Unfortunately, there aren't any tools currently for opening a HAR archive directly as a webpage. Perhaps someone could develop one using Electron? (Hold your downvotes – we actually need a full browser environment to render HTML and execute JavaScript. Isn't it?)

smittywerben · 2024-12-22T08:28:20 1734856100

Recording all of your SSL-decrypted network logs and reconstructing them later is one step further. I'm sure there's a chain of custody issue not much further.

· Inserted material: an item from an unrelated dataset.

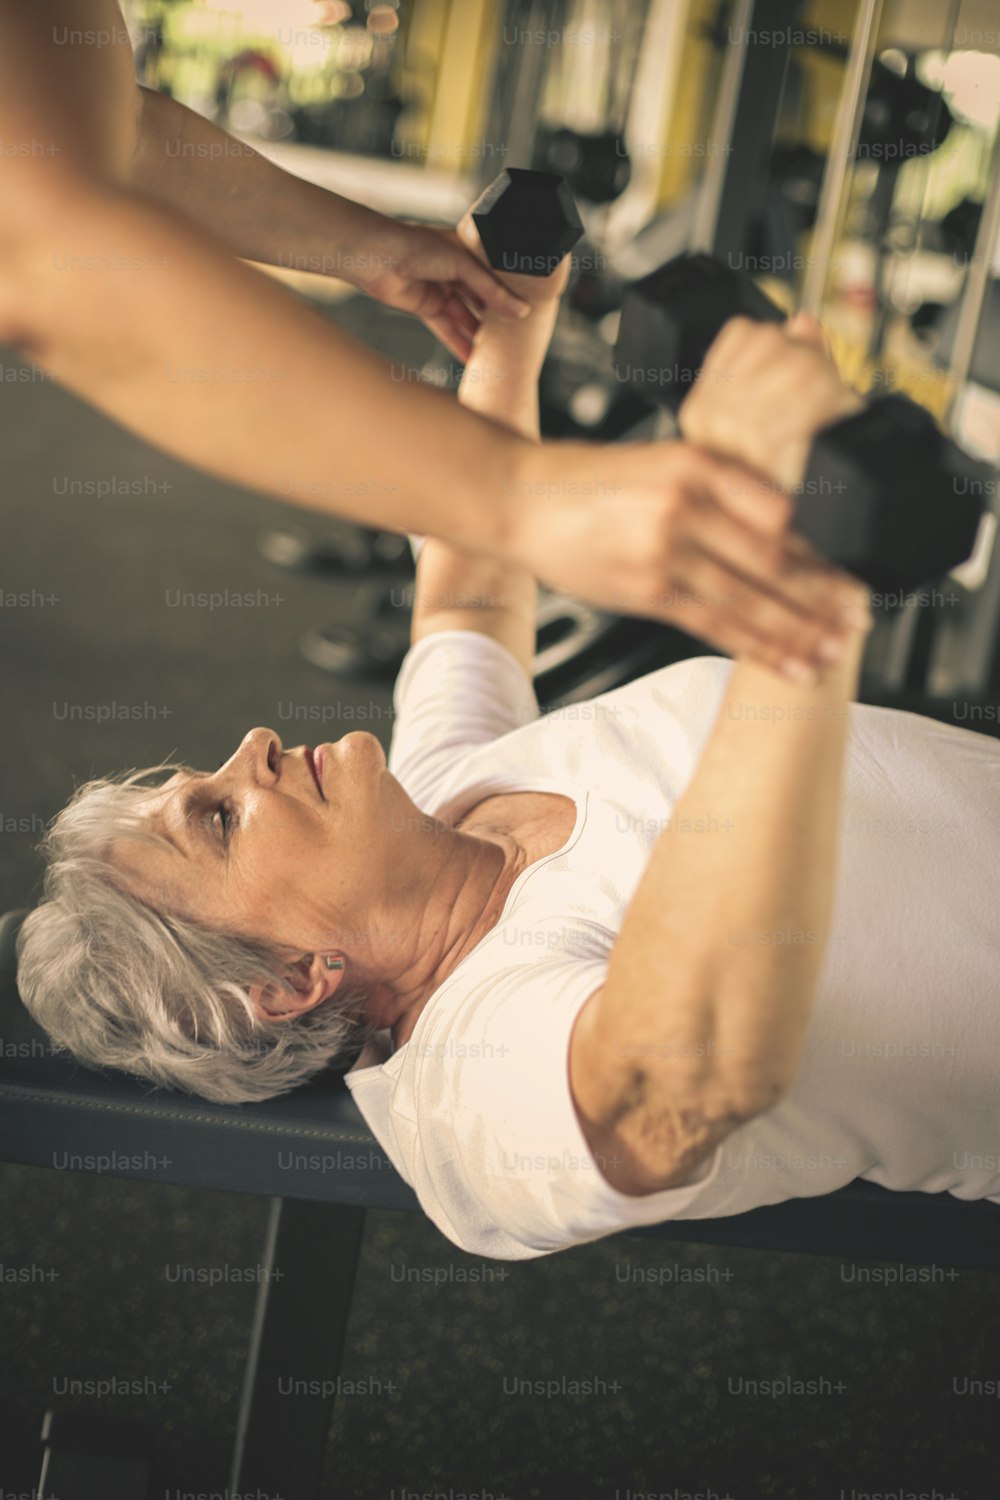 Exercice de travail d’entraîneur personnel avec une femme âgée dans le gymnase. Femme soulevant du poids. Entraînement en salle de sport.

But what I like about SingleFile is that printing the SingleFile page tends to print to PDF better than an actual dynamic page (annoying modals etc show up in the print that are not normally visible). I have a python service running that organizes my SingleFile html files into folders by each domain and stored my google drive.

It's like a confused mix of wget's -x directories and a postscript printer so you can avoid chrome's print to skia pdf pipeline until a brighter day.

stuffoverflow · 2024-12-22T18:43:31 1734893011

I'm pretty sure I've used some tool in the past to convert a HAR in to WARC which can then be browsed with https://replayweb.page/

dannyobrien · 2024-12-21T21:38:28 1734817108

If today's Hacker News trend is "ways to archive web pages for permanent storage", let me also point folks to https://webrecorder.net/archivewebpage/ and the WebRecorder suite of tools.

dang · 2024-12-21T21:44:54 1734817494

What other thread(s) from today are you thinking of? (maybe https://news.ycombinator.com/item?id=42441609?)

We try to avoid repetition on the frontpage—people tend to post related/follow-up links as submissions (bad) instead of in the comments (good, as you did here!)

https://hn.algolia.com/?dateRange=all&page=0&prefix=true&que...

dannyobrien · 2024-12-29T21:49:57 1735508997

Yep, that was the one -- I think it was more dominated by "how to save webpages" discussions when I was looking at it.

I had no idea that posting in the comments was preferred (though it does make sense!)

crgk · 2024-12-21T22:12:17 1734819137

FWIW, the discussion you linked came to my mind when I saw this one.

glenstein · 2024-12-21T21:39:20 1734817160

Thanks for this recommendation, this is exactly a kind of tool that I think I had hoped might exist out there somewhere. I don't suppose there's a Firefox version?

maxloh · 2024-12-21T21:22:29 1734816149

Chromium-based browsers (Chrome, Edge, Brave, etc.) already have great MHTML support. Just right click on a page > "Save as...", and select "Webpage, Single File" in the dialog.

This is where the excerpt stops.